Quantum Fundamentals: Winter-2026
HW 6 (SOLUTION): Due W3 D5
- Measurement Probabilities (Brief)
S1 5420S
A beam of spin-\(\frac{1}{2}\) particles is prepared in the initial state \[ \left\vert \psi\right\rangle = \sqrt{\frac{2}{5}}\; |+\rangle_x - \sqrt{\frac{3}{5}}\; |-\rangle_x \](Note: this state is written in the \(S_x\) basis!)
- What are the possible measurement values if you measure the spin component \(S_x\), and with what probabilities would they occur?

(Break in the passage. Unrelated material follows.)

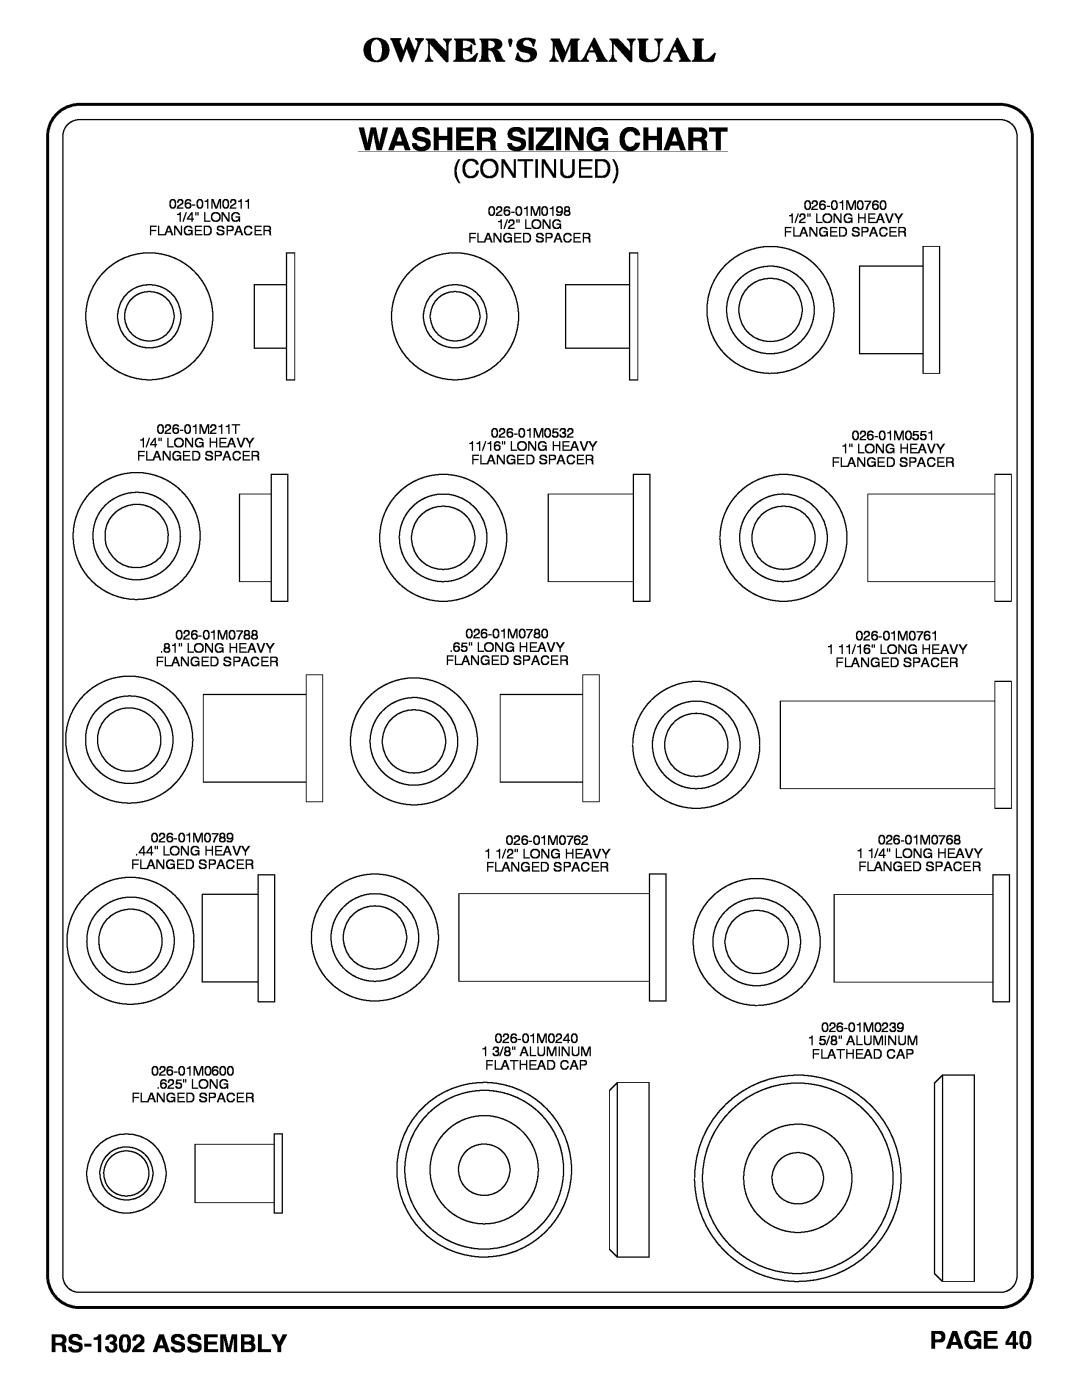 Hoist Fitness RS-1302 owner manual Owners Manual Washer Sizing Chart, Page, 026-01M0211 1/4 LONG FLANGED SPACER 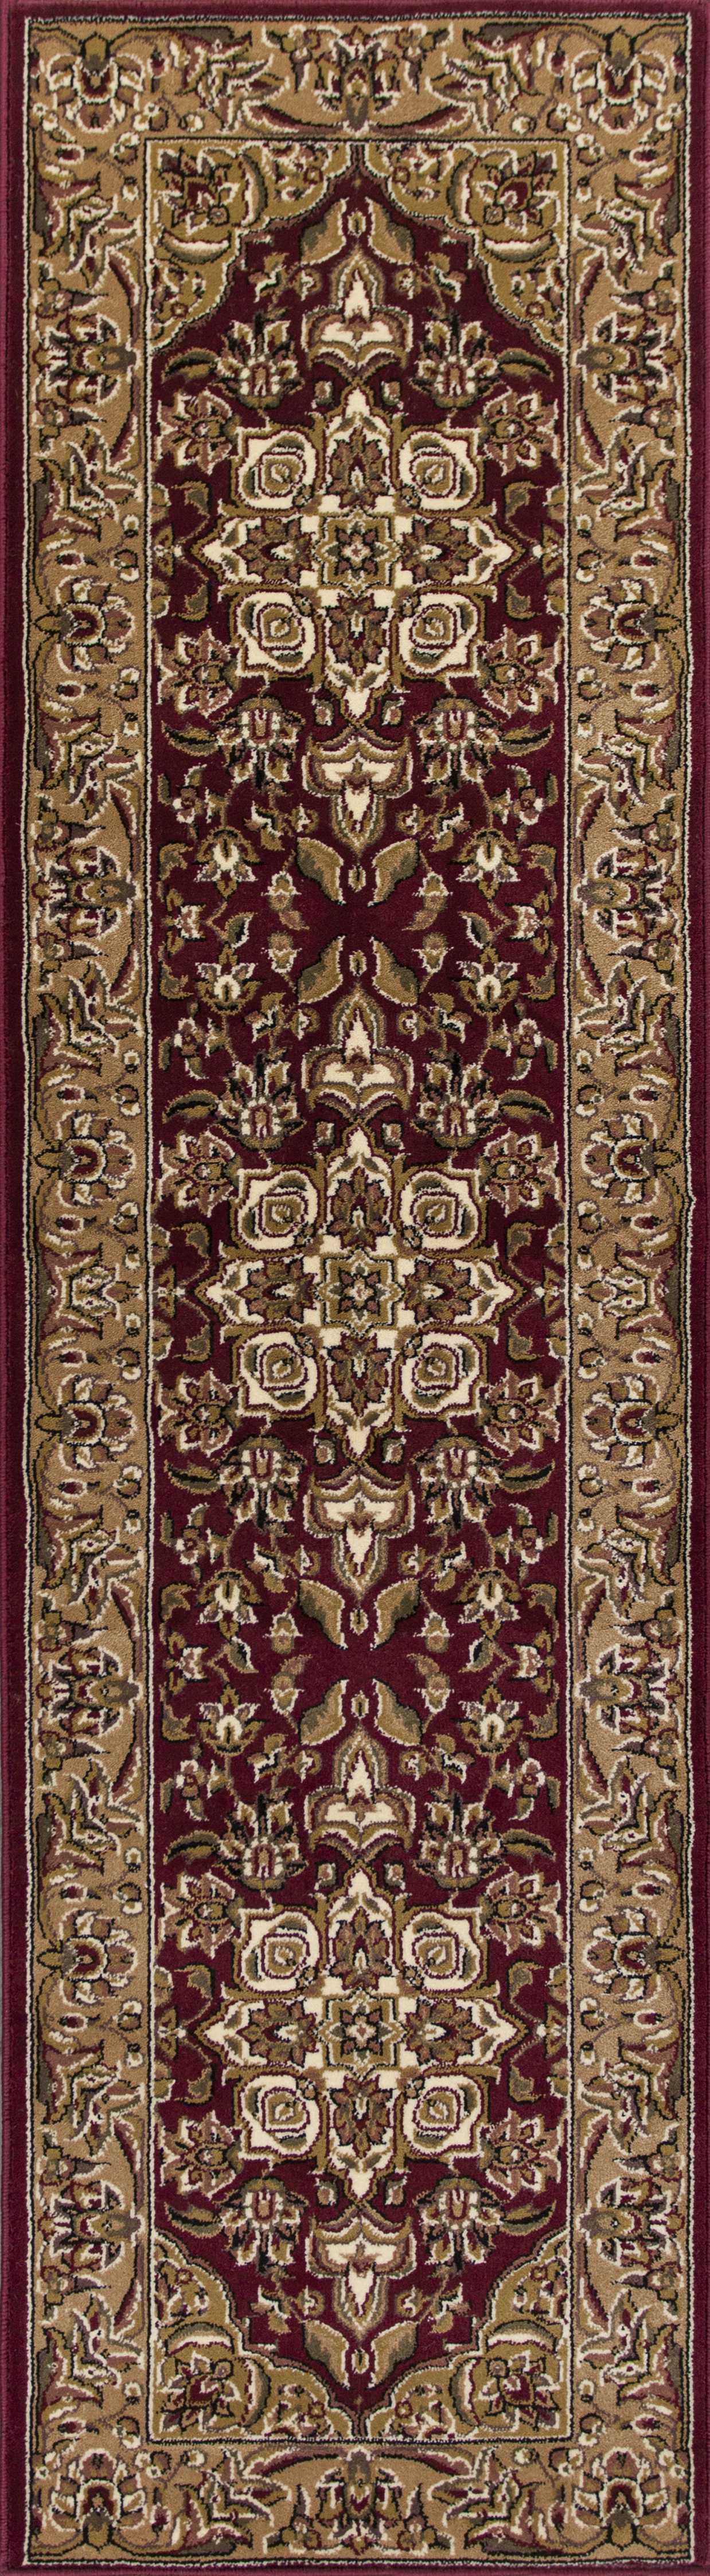 8' Red And Beige Area Rug-352870-1

The possible measurement values are \(S_x=+\hbar/2\) and \(S_x=-\hbar/2\) The probabilities of getting these values are found by taking the norm squared of the expansion coefficients: The probability of measuring \(\hbar/2\) is: \begin{align*} \mathcal{P}\left(S_x=+\frac{\hbar}{2}\right) =& \left|{}_x\left\langle {+}\middle|{\psi}\right\rangle \right|^2 \\ =& \left|\sqrt{\frac{2}{5}}\right|^2 \\ =& \frac{2}{5} \end{align*}
The probability of measuring \(-\hbar/2\) is: \begin{align*} \mathcal{P}\left(S_x=-\frac{\hbar}{2}\right) =& \left|{}_x\left\langle {-}\middle|{\psi}\right\rangle \right|^2 \\ =&\left|-\sqrt{\frac{3}{5}} \right|^2 \\ =& \frac{3}{5} \end{align*} (Check: \(2/5 + 3/5 = 1\)).
- What are the possible measurement values if you measure the spin component \(S_z\), and with what probabilities would they occur?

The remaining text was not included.